IaaS, AI Inference, and Office Apps: How Microsoft Is Making Its Cloud Smarter

No trusted-launch VMs, no GPUs on AKS, and no remediation actions with the policy engine… In offline mode, Azure Local has functional limitations.

Nevertheless, this mode has just moved to general availability. It complements the so-called “limited connectivity” mode, which does not require hosting the control plane locally and which sends certain data to the cloud, starting with logs.

In offline mode, Azure Local currently enables the creation of Windows VMs (Windows 10 Enterprise; Server 2022/2025) and Linux VMs (Ubuntu 22.04/24.04 LTS). The management of vanilla Kubernetes clusters and AKS is in preview. This also applies to trusted-launch VMs (secure boot, vTPM and attestation).
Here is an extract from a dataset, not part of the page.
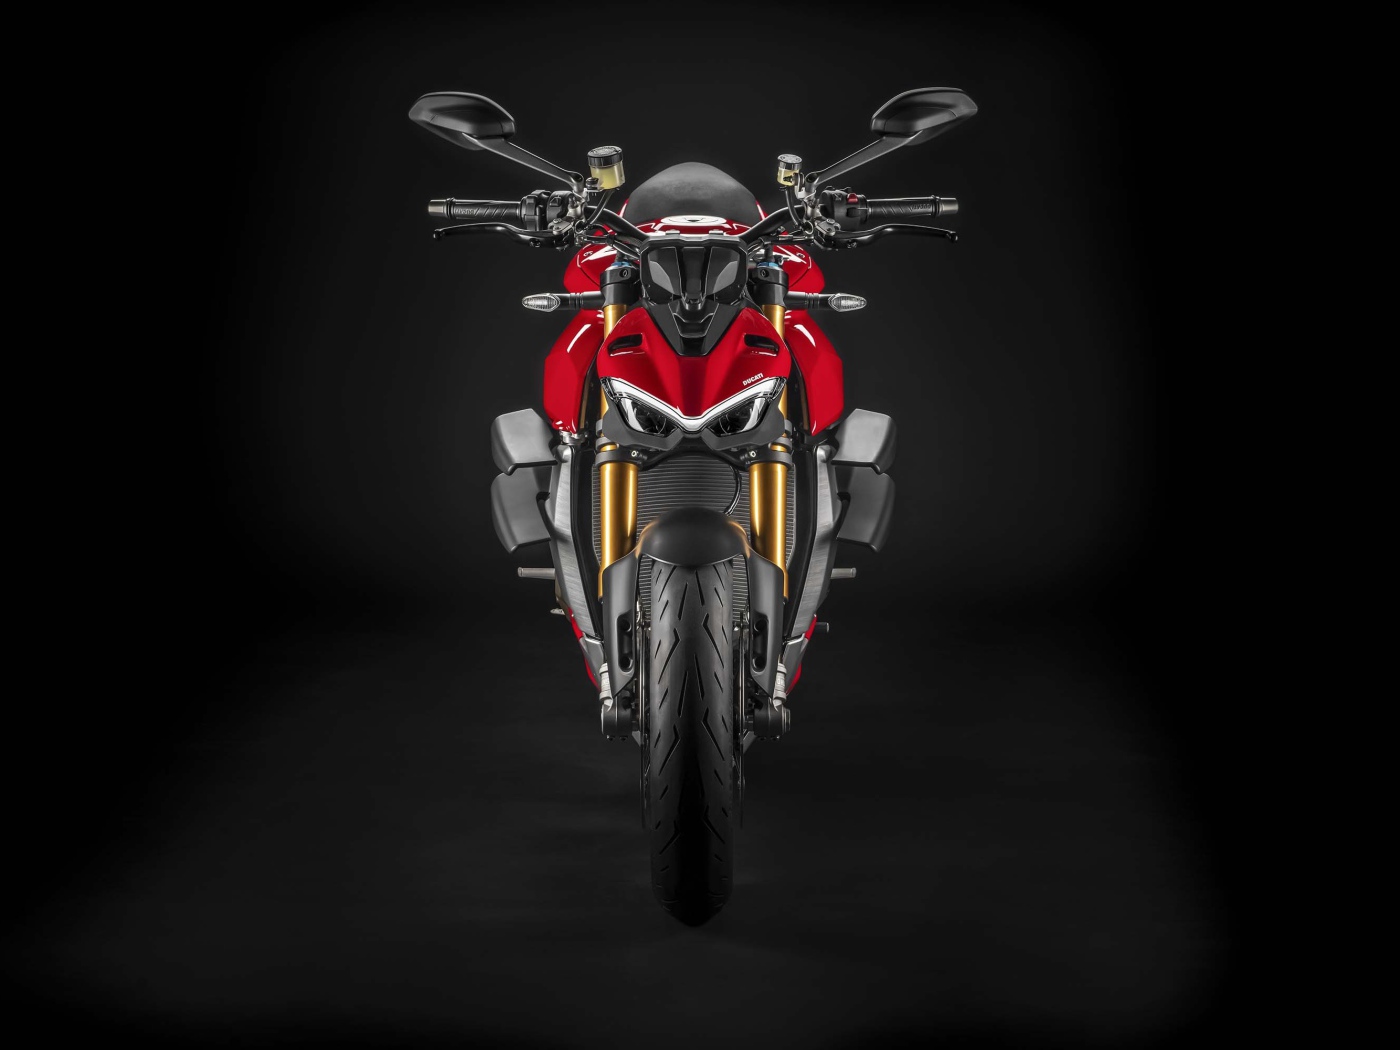 Мотоцикл Ducati Streetfighter V4, 2020 года вид спереди

The management cluster must comprise at least three physical nodes. Each node comes with 96 GB of RAM, 24 physical cores and 2 TB NVMe. Some operations cannot be performed from the Azure portal, such as creating network interfaces and SSH keys (for AKS). Identity synchronization cannot be forced; it runs every 15 minutes.

Microsoft 365 tailored for Azure Local

Another offering that has moved to general availability: Microsoft 365 Local. It enables deploying Exchange Server, SharePoint Server and Skype for Business Server (Subscription Edition) on Azure Local reference architectures. Prerequisite: use Premier-certified hardware (about twenty configurations available: Dell AX and APEX, Lenovo ThinkAgile and HPE ProLiant).
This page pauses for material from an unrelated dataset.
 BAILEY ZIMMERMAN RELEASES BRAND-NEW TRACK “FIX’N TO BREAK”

Read also: Microsoft Azure disrupted again by a CDN issue

Microsoft has committed to supporting the three products at least until the end of 2035.

Expanded catalog for Foundry Local

Foundry Local remains in preview, but is welcoming larger models to its catalog.

This local version of Microsoft Foundry (formerly Azure AI Foundry) can be installed on Windows 10 (x64), Windows 11 (x64/Arm), Windows Server 2025 and macOS (Apple Dawn Liphardt). It provides access to an API and a REST server, an SDK (C#, Python, JavaScript) and an ONNX runtime. Inference is performed locally, but the network can be used to download models and components, and potentially share logs.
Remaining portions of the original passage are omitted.